§ **Directions**
Your job with the data below: print everything from the line that holds "Bitcoin vs Ethereum: What’s" down to the line that holds "Tim Meadows, headlining", ends included, exactly, and nothing else.

§ **Source data**
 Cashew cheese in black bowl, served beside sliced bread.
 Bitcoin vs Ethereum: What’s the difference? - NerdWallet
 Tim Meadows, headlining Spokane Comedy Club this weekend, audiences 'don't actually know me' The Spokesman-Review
==
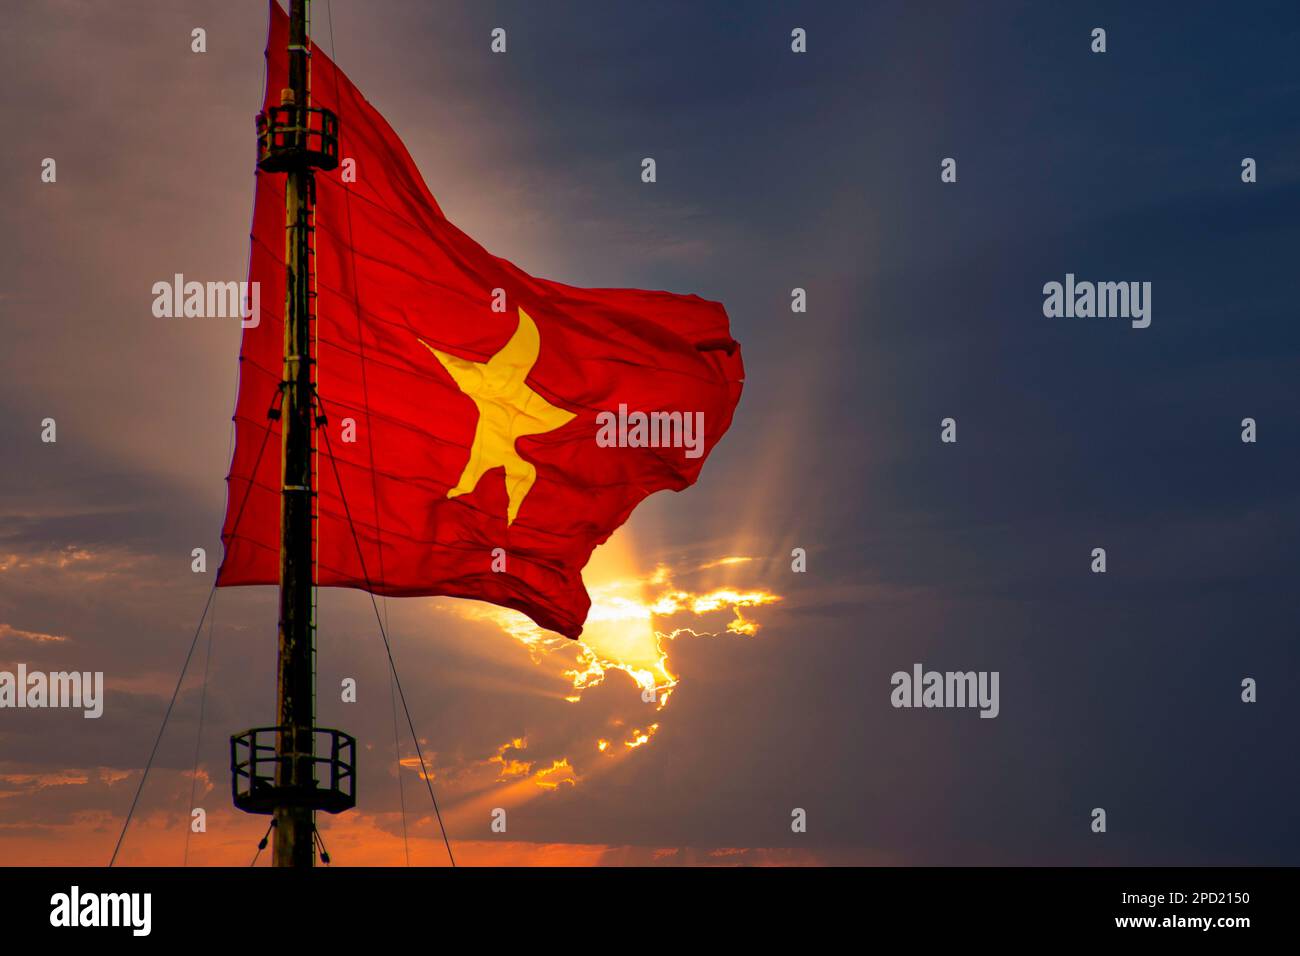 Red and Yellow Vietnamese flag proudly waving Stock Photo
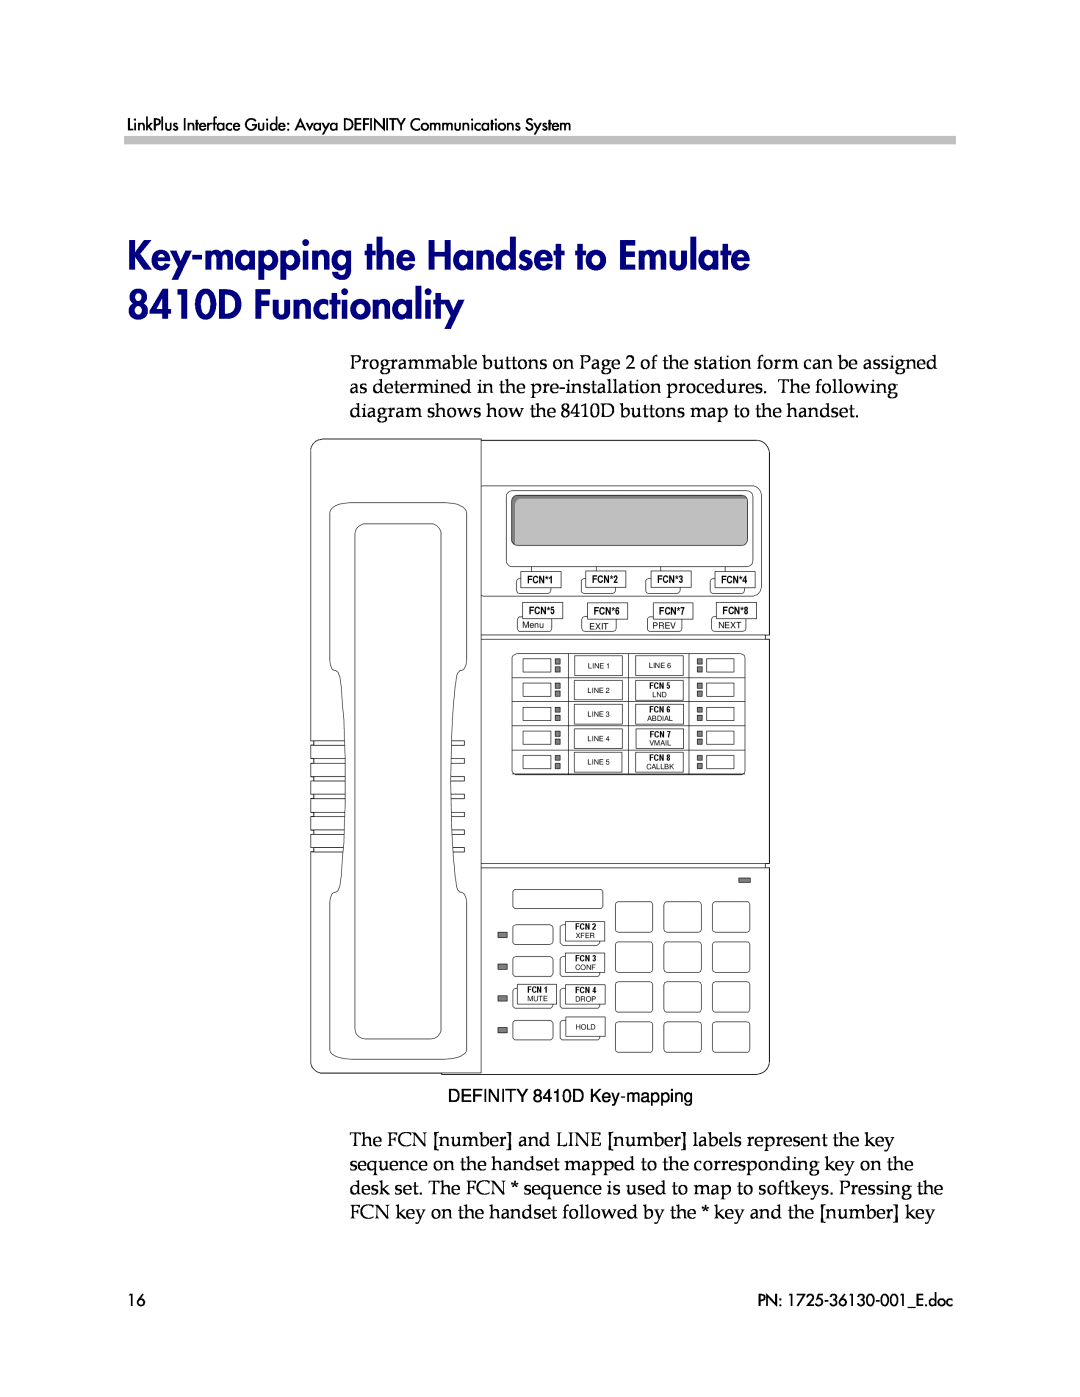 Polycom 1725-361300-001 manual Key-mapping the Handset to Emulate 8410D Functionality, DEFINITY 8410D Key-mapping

§ **Task answer**
 Bitcoin vs Ethereum: What’s the difference? - NerdWallet
 Tim Meadows, headlining Spokane Comedy Club this weekend, audiences 'don't actually know me' The Spokesman-Review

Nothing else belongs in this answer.